Student loan interest rates are set to go up next week and Carmen Berkley, an Black student leader with five college loans and some knowledge of the financial aid system, doesn’t know what to do.
“It’s very daunting, and I still don’t understand it. I don’t think a lot of students understand,” says the University of Pittsburgh senior who worked with a national lobby group in Washington, D.C., to protect student interests. But she is besieged by advertisings and mailings urging her to consolidate her various loans, which total more than $50,000. And, the ads say, she should do this before the July 1 rate increases on Stafford student loans and parent PLUS loans.
Berkley and thousands of other college students will have to come to grips with a shifting student loan market. Gone are the low interest rates of recent years, replaced by higher variable rates that will add up to larger repayments after they leave school. In some cases, rates would creep up by about 2 percentage points.
“We’ve had a solid decade of happy news on interest rates,” says Barmak Nassirian, associate executive director of the American Association of Collegiate Registrars and Admissions Officers. “That’s coming to an end.”
For minority students, the rate increase may also increase their reticence about incurring large college loan debts.
While interest rates alone may not persuade minority students to put off their education, it is one of several trends that may affect access, says Thomas Mortensen, a higher education analyst with Postsecondary Education Opportunity.
“Higher interest rates, along with freezing the Pell Grant maximum and escalating tuition, works to the disadvantage of low-income minority students,” he says. As a result, more may attend lower-cost institutions or delay college.
“Poor people are inherently risk-averse,” Mortensen says. “For low-income people, college is a risky investment to begin with. Borrowing against future income is pretty scary for people who survive day-to-day.”
Rates on existing Stafford Loans are expected to increase nearly 2 percentage points, to 6.7 percent, after July 1. Rates on existing PLUS loans will jump to 8 percent.
Under law, rates on these existing loans vary each July based on the yield of 91-day Treasury bills. In the past year, the Federal Reserve has repeatedly raised interest rates in a move to stem inflation.
Interest rates for new Stafford and PLUS loans will also jump based on legislation the U.S. Congress approved last winter to cut federal spending.
Lenders say the answer for most students is a consolidation loan, through which borrowers can combine their various loans under one interest rate.

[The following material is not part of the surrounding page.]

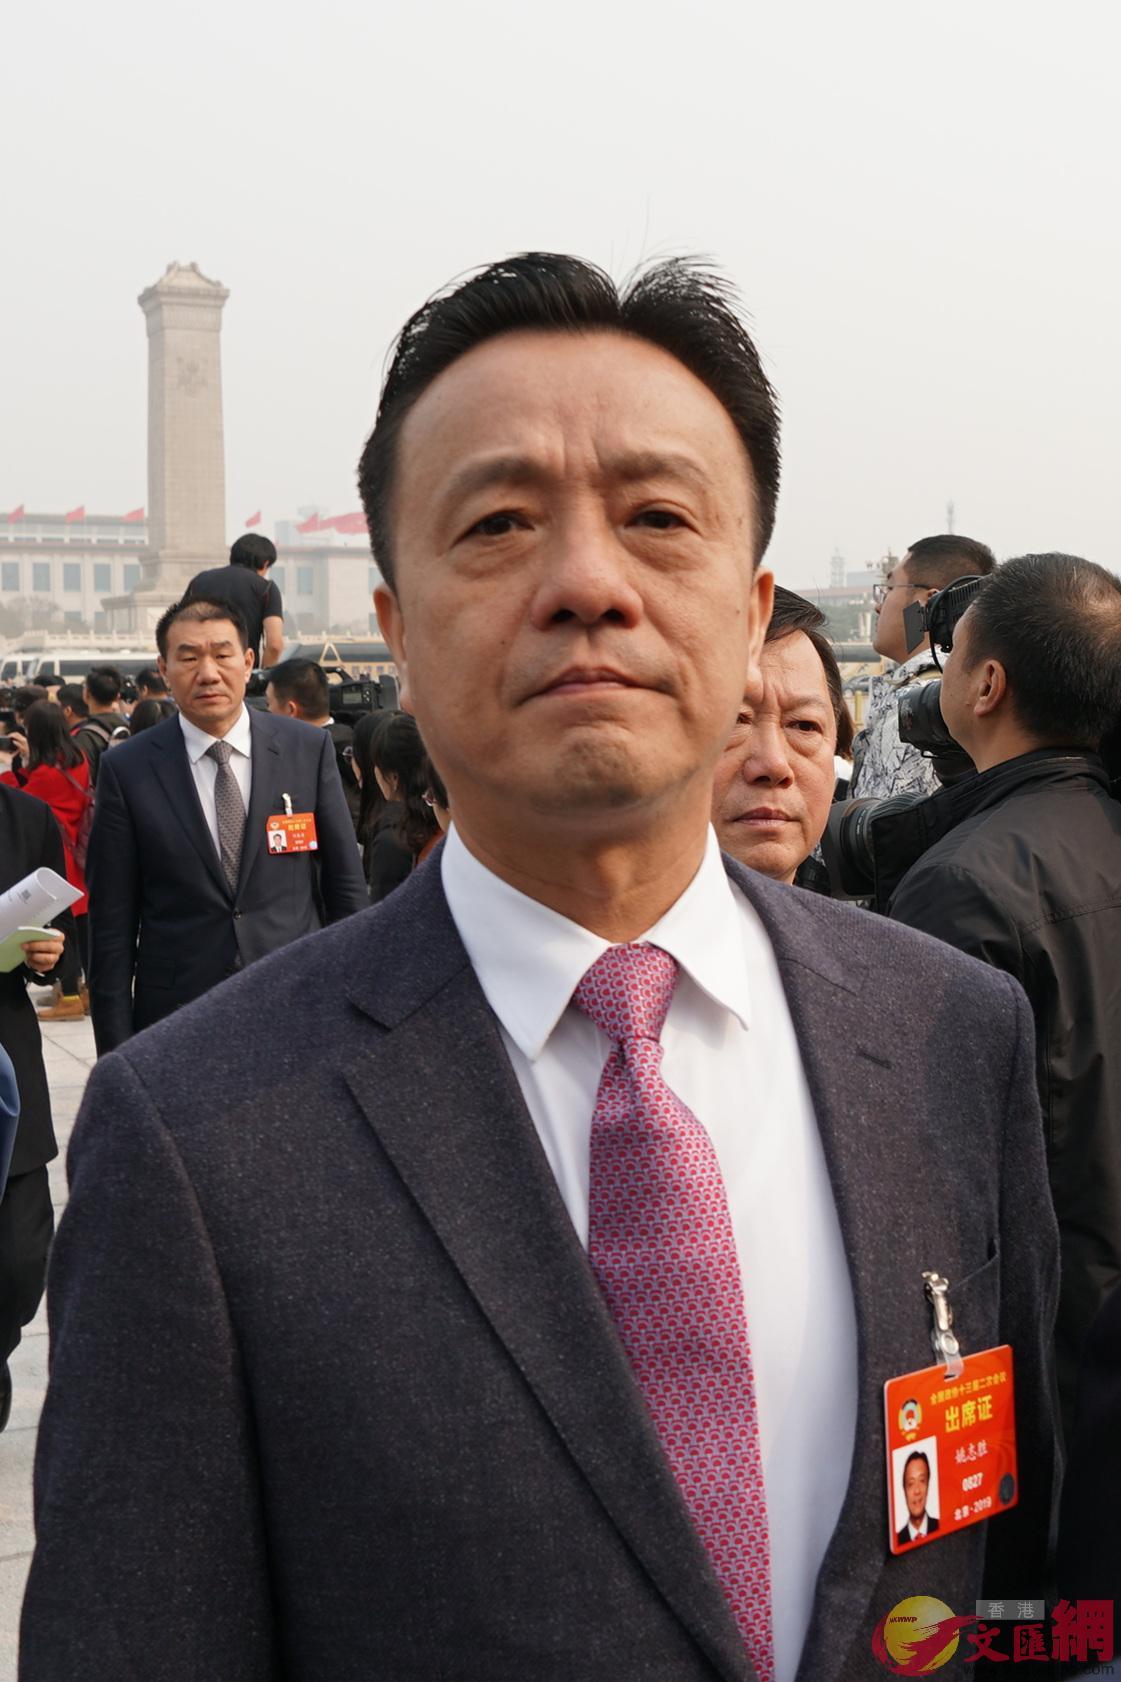 姚志胜:加强港台青年「反独促统」 - 香港文汇网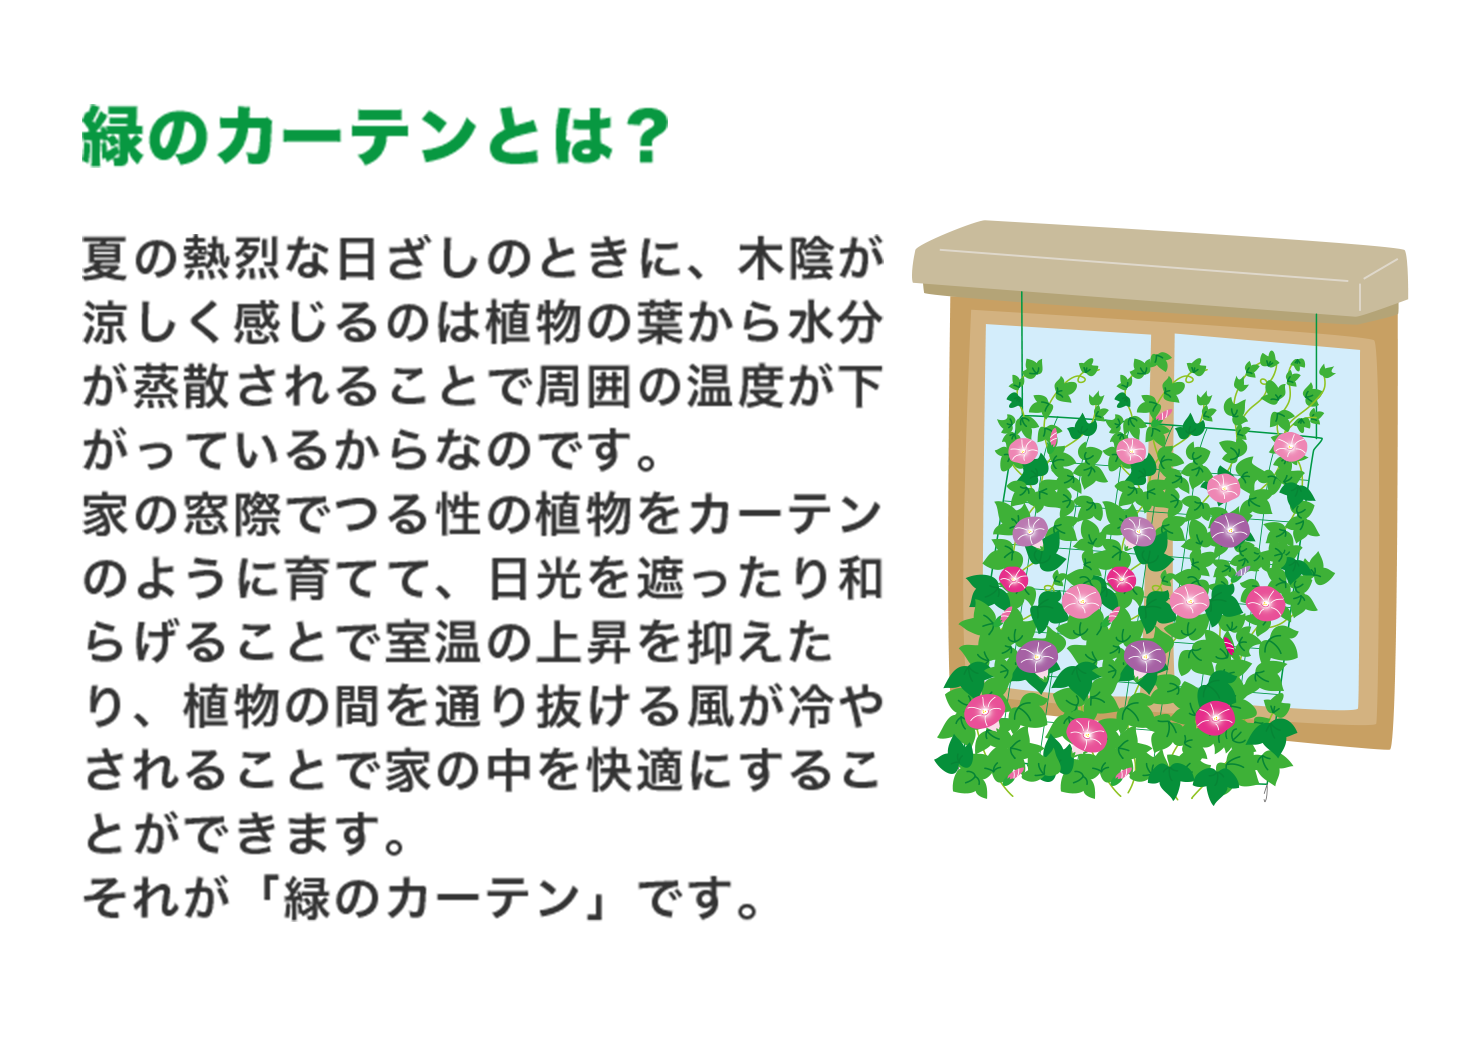 第 伊藤園 3 弾 麦茶 キャンペーン

The rate would be a weighted average of existing loans rounded to the nearest 1/8th of a percent.
“Student loan consolidation is the best way to protect yourself from a very significant interest rate increase on July 1,” says Keith D’Ambra, senior vice president of loan consolidation for Sallie Mae, one of the nation’s main loan providers.

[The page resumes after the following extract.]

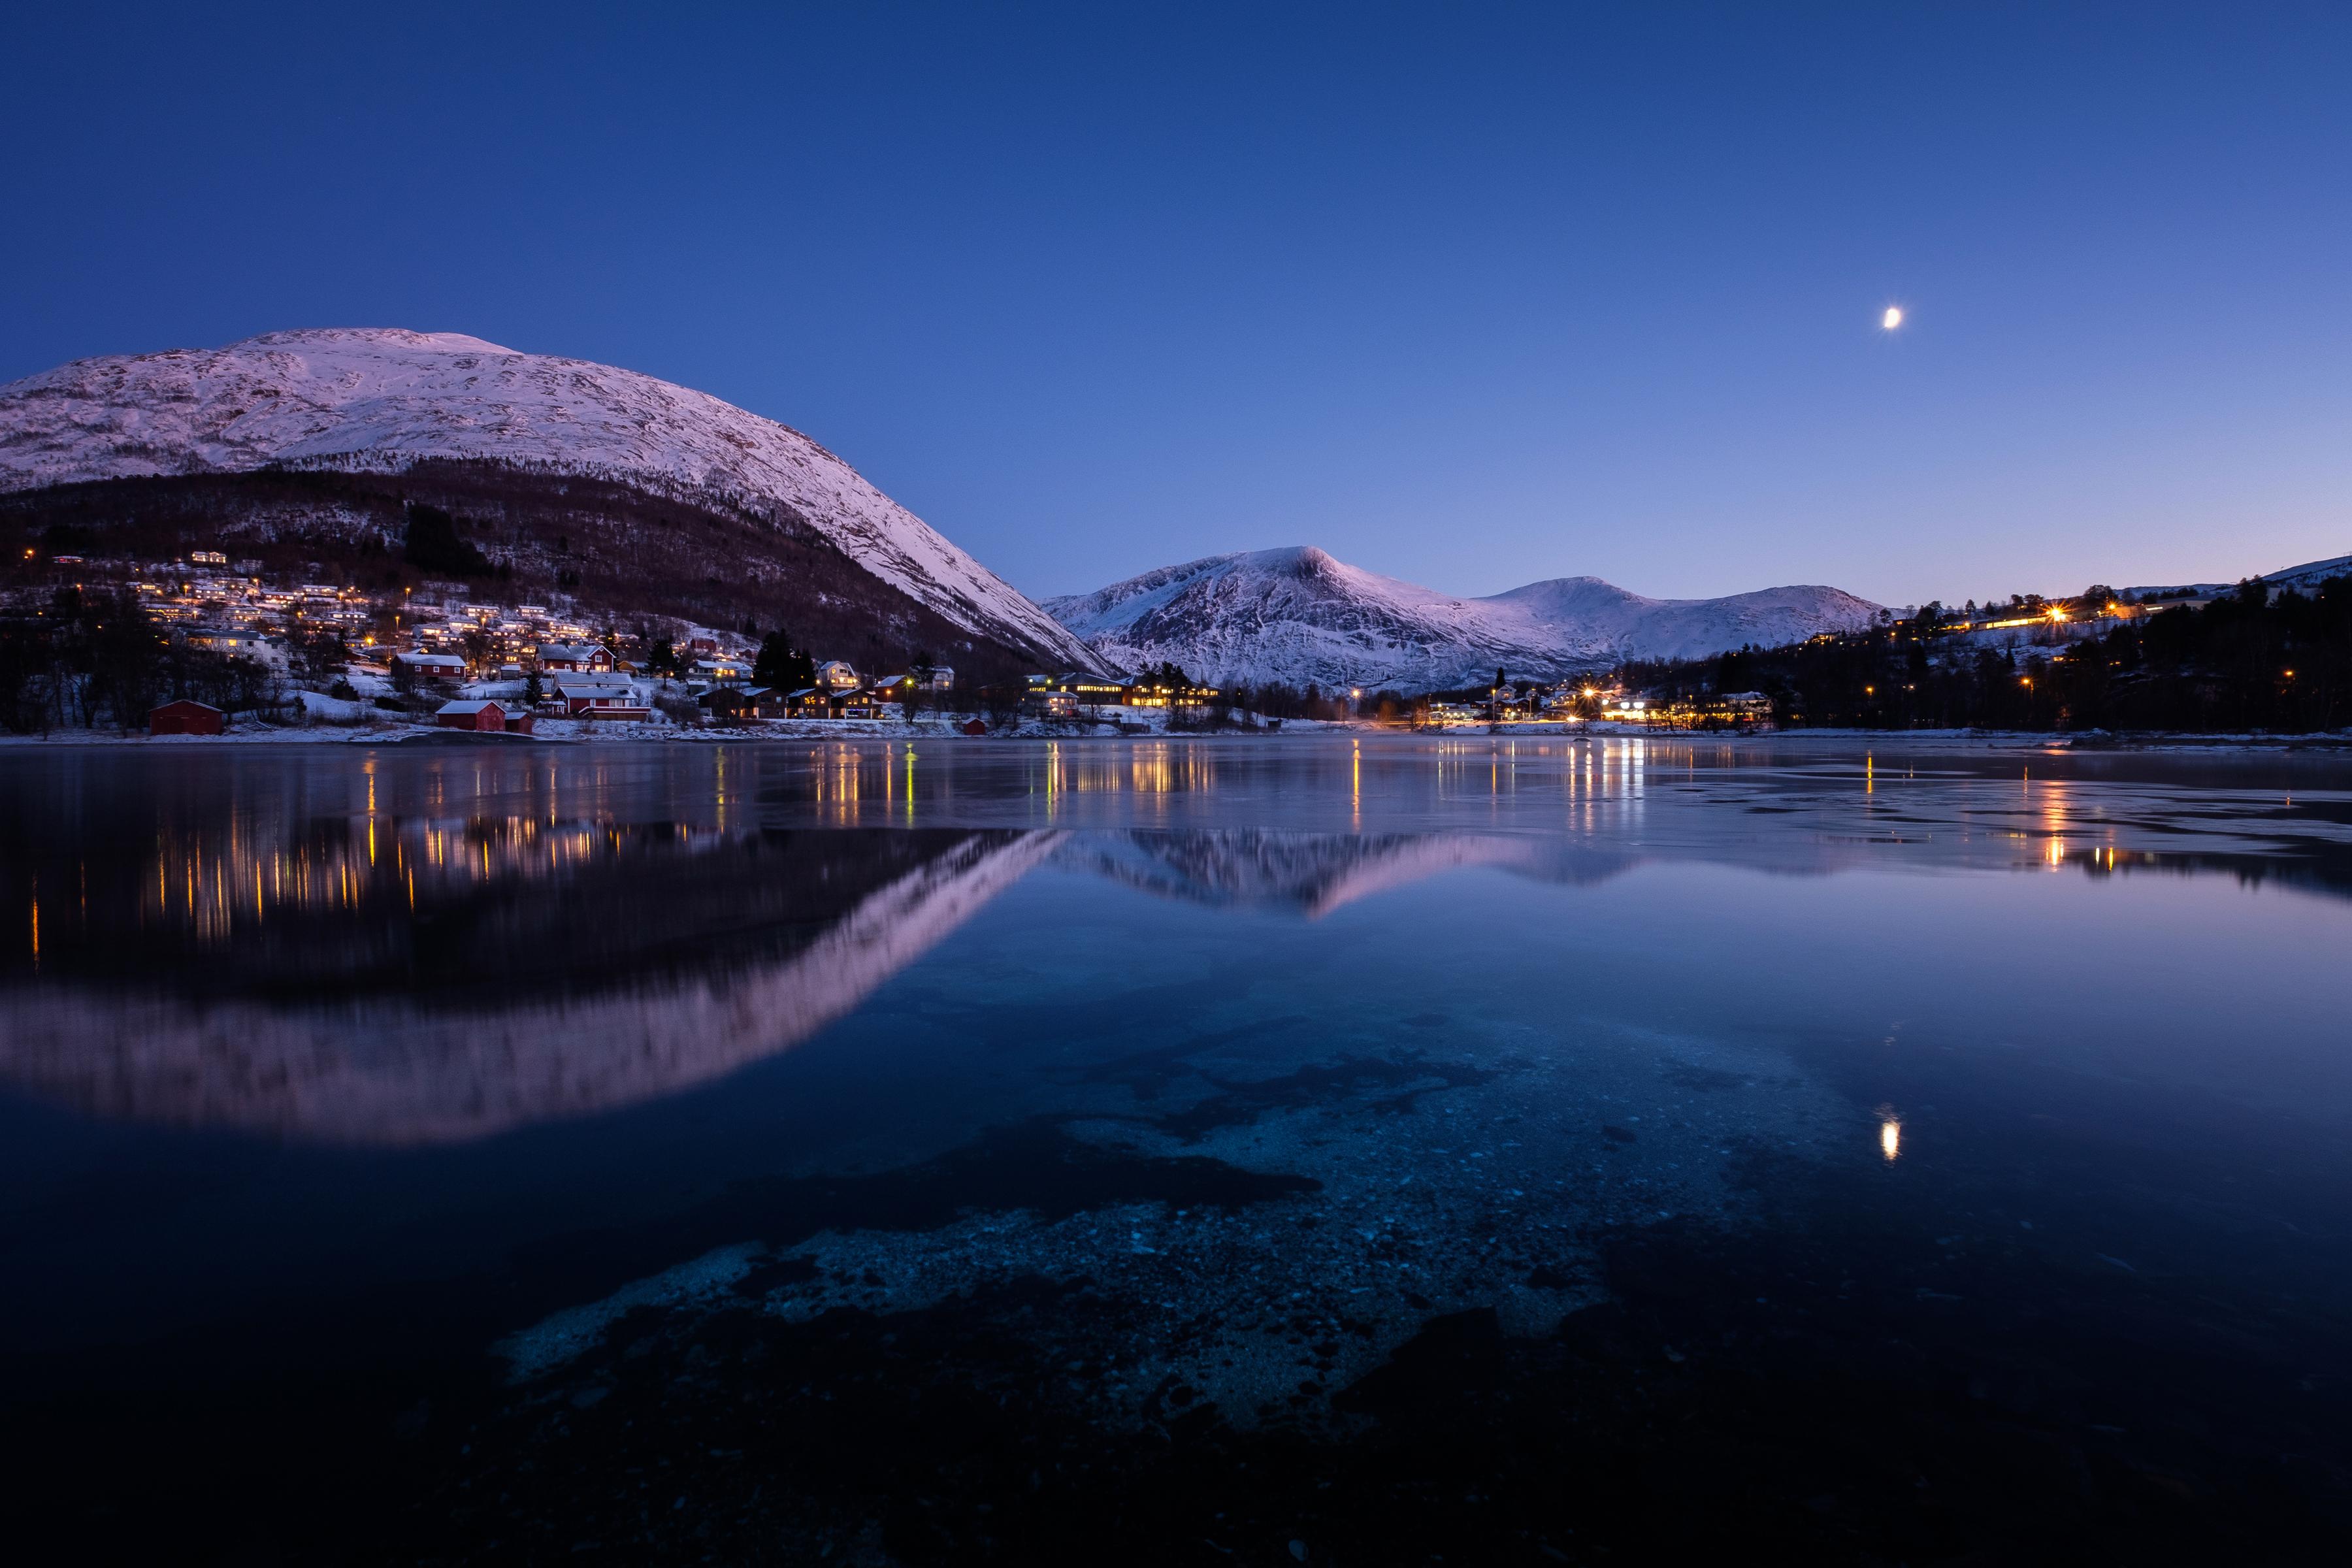 1440x900 norway mountains evening lake cities night - Night mountain wallpaper 4k ...

Loan consolidation can result in a rate as low as 4.75 percent, according to Sallie Mae. The lender says it also provides an additional discount for those who make on-time payments for a three-year period.
Nassirian agrees that consolidation loans are “highly advisable.” But he says there’s little incentive for students to act on the loans this summer since they generally do not begin repayment until they leave school.
Students also are not very price sensitive to interest rates, he says, since their first goal is to obtain the necessary college funds. In addition, many youth tend to “exaggerate their earnings potential” in the years after graduation, Nassirian says.